- Problem details -
Print the line containing "Fiberglass Modern Orange" and all lines after it to the end of the records below, exactly as written. No pictures.

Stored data
····················

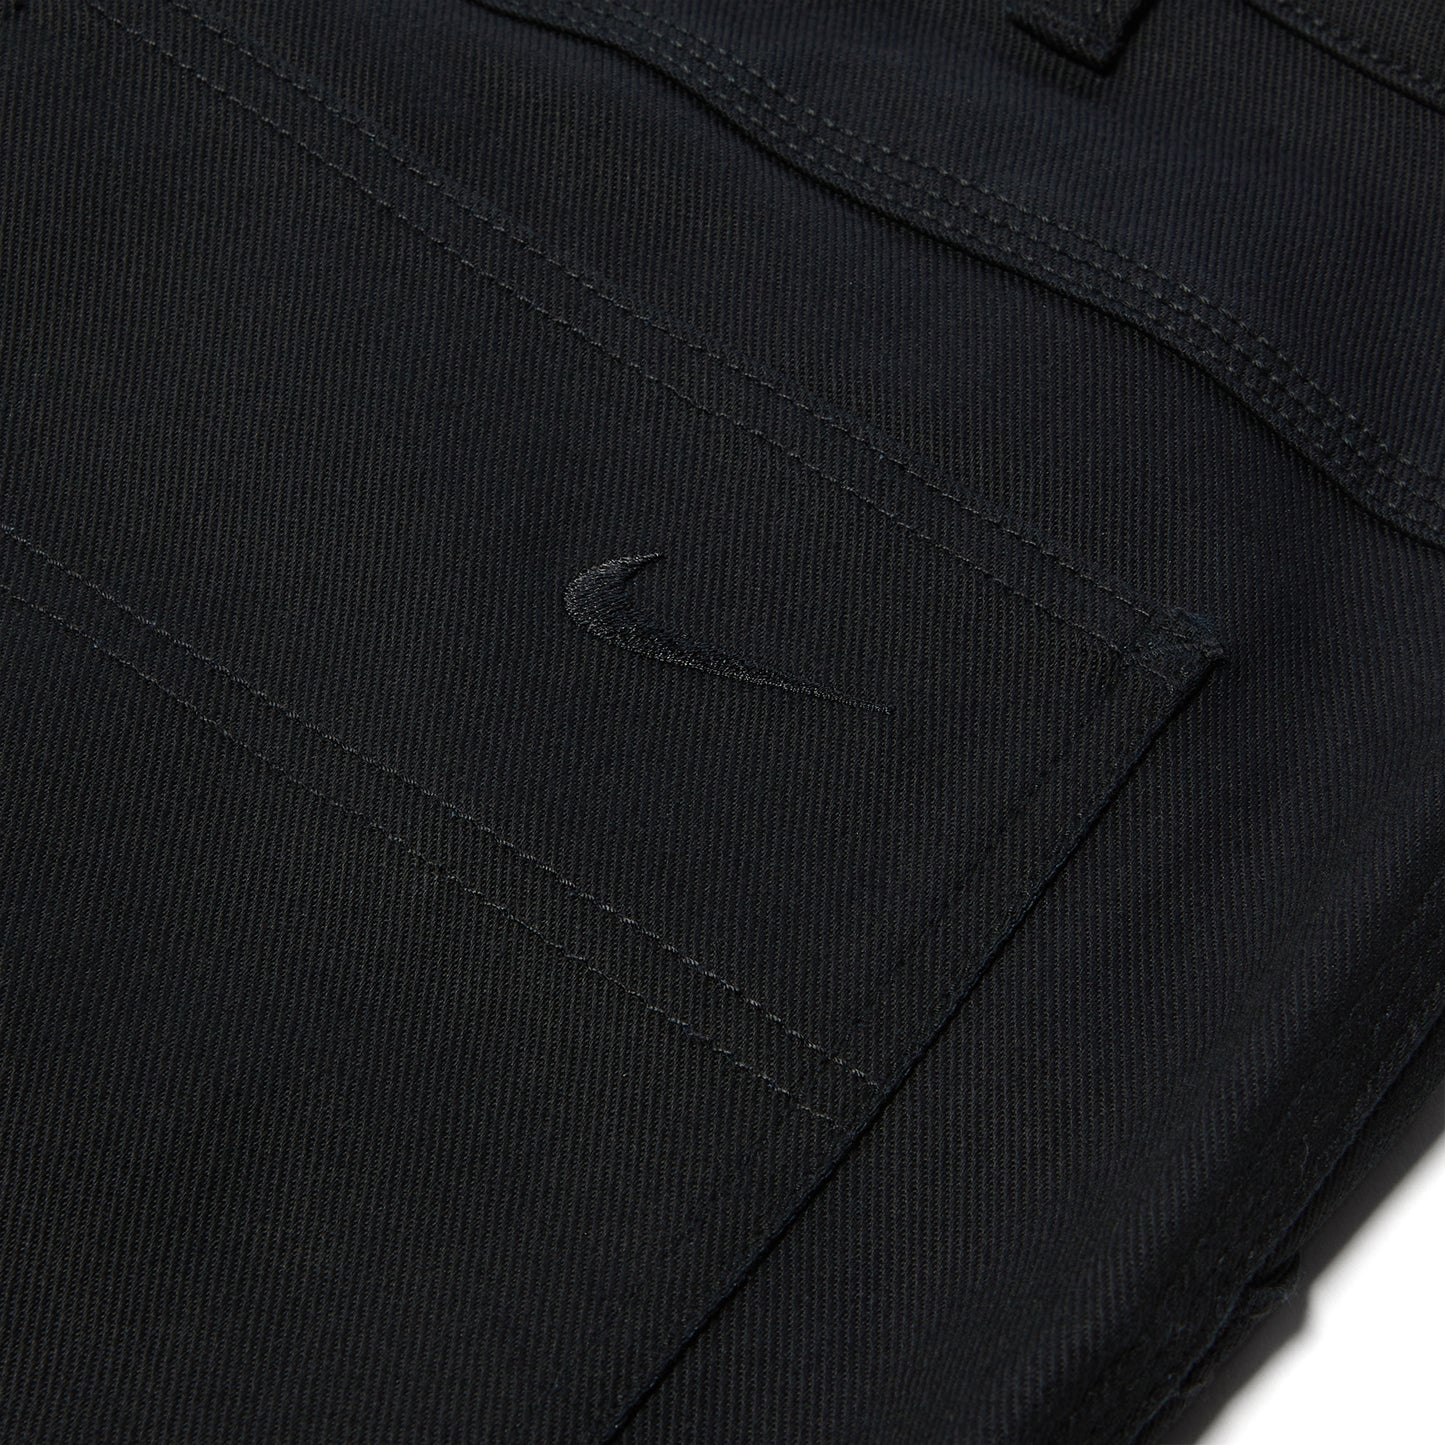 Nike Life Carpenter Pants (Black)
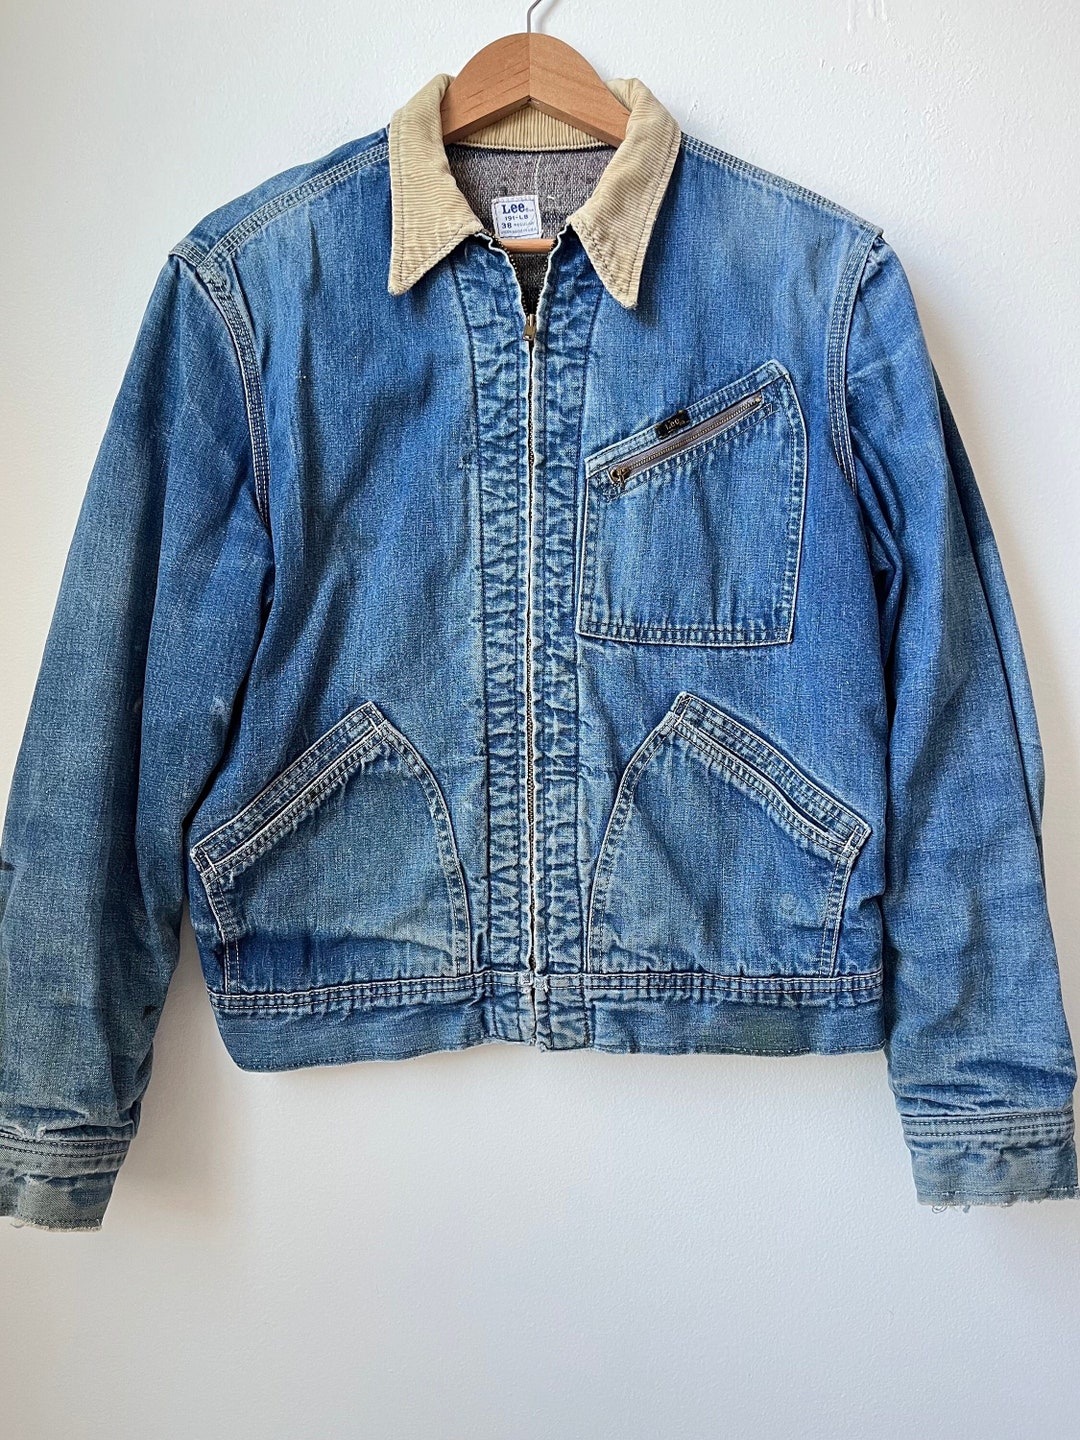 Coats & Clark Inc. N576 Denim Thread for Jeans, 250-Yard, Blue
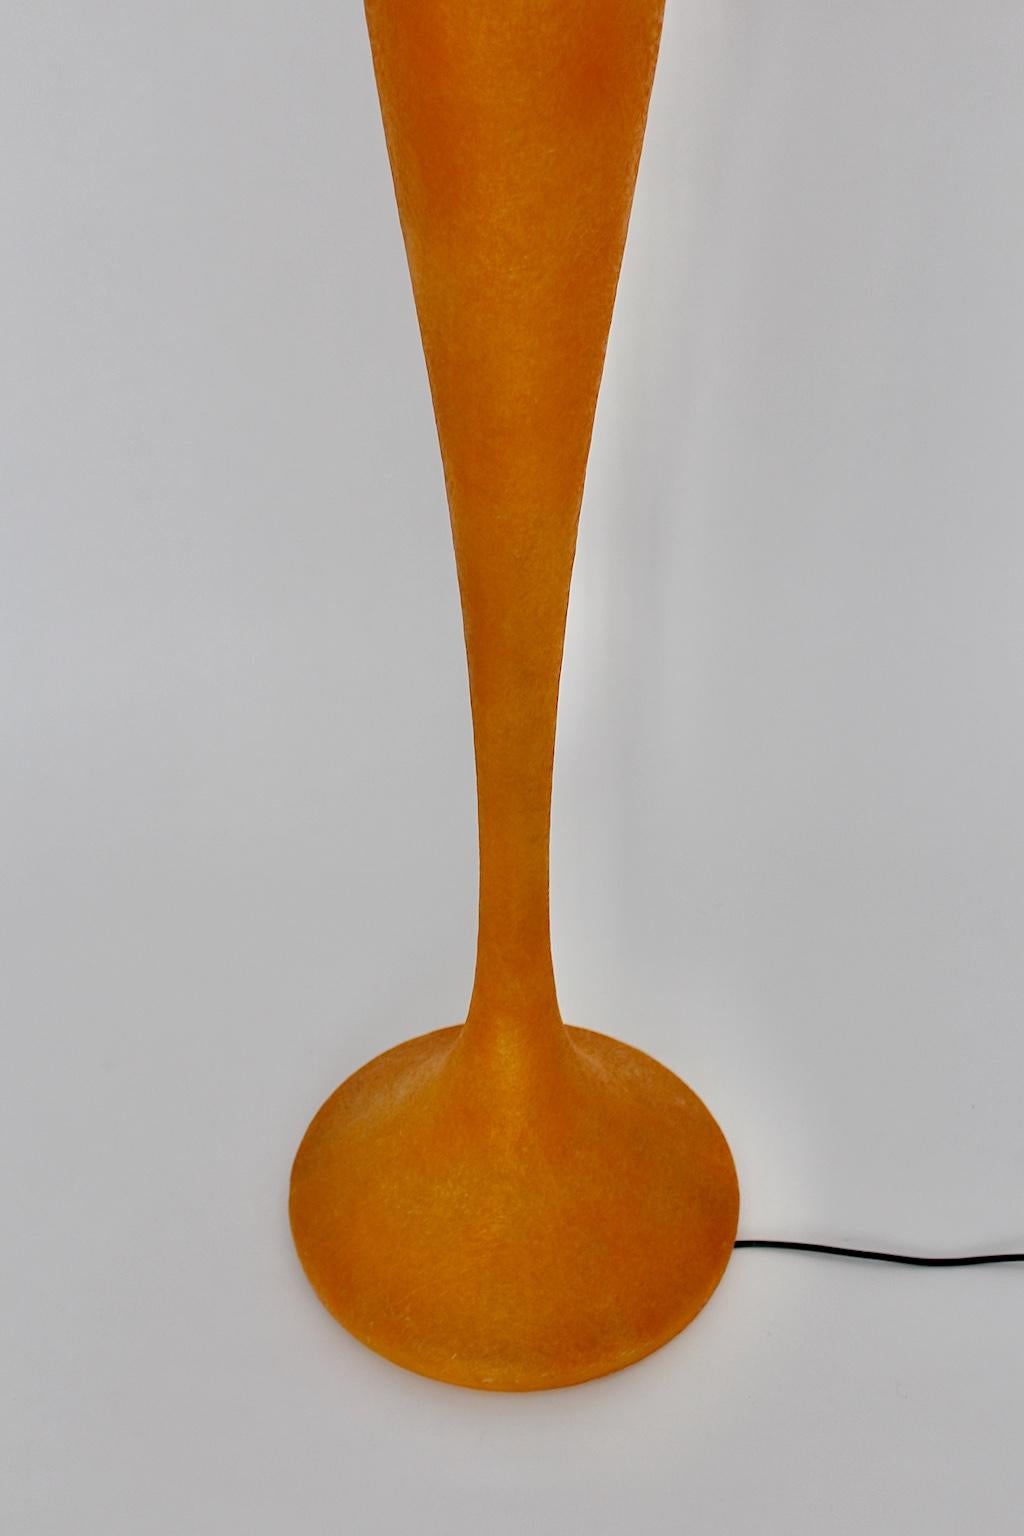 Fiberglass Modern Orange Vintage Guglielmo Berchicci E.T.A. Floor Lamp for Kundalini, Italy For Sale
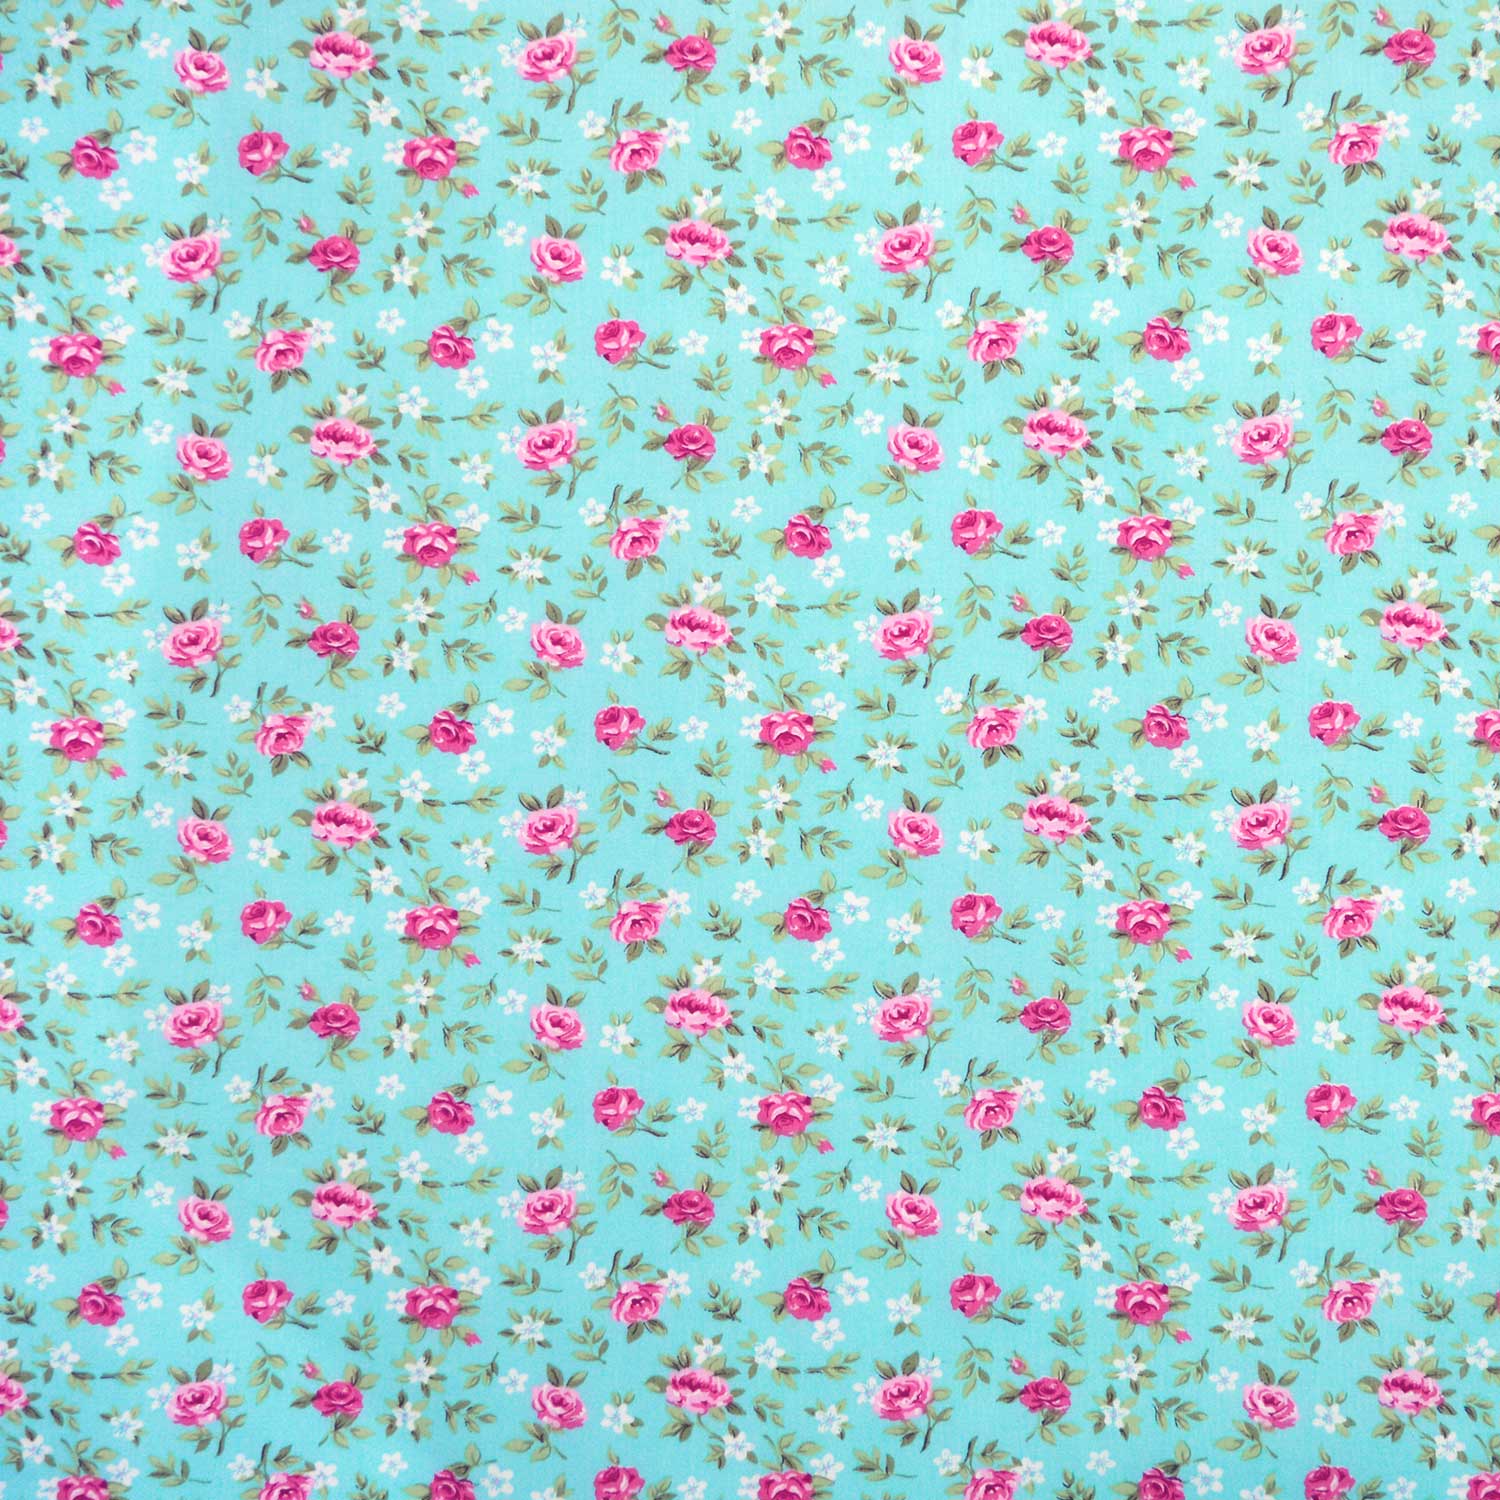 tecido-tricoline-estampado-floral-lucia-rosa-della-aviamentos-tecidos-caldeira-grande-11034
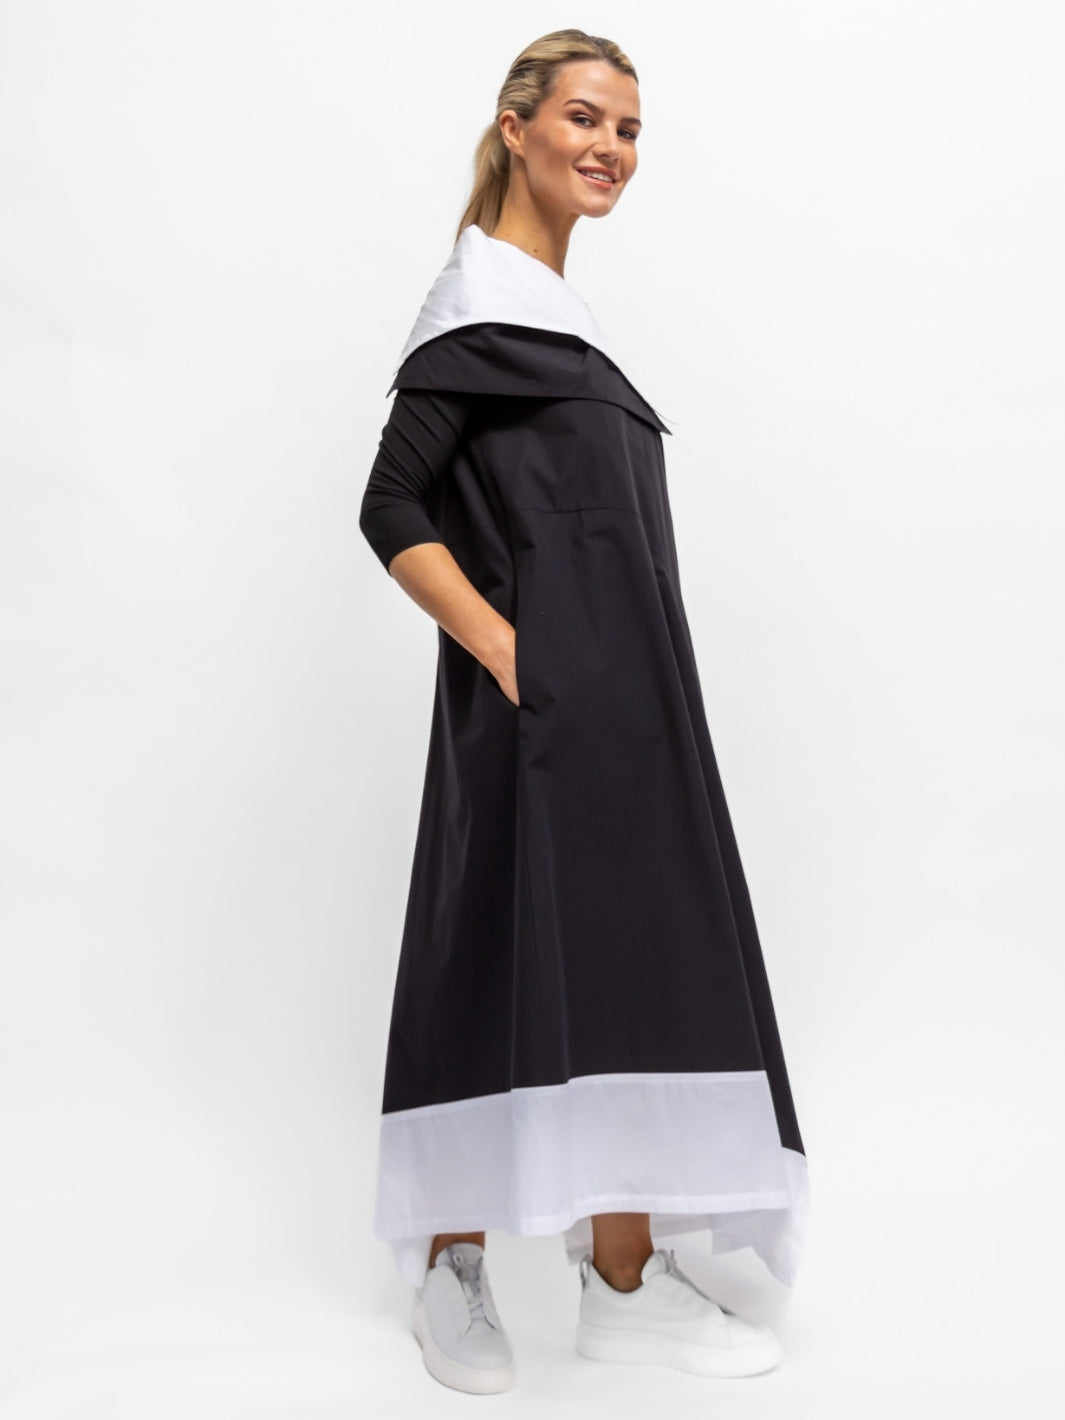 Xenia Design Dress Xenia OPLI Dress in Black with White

····················

- Response to the task -
 Fiberglass Modern Orange Vintage Guglielmo Berchicci E.T.A. Floor Lamp for Kundalini, Italy For Sale
 tecido-tricoline-estampado-floral-lucia-rosa-della-aviamentos-tecidos-caldeira-grande-11034
 Xenia Design Dress Xenia OPLI Dress in Black with White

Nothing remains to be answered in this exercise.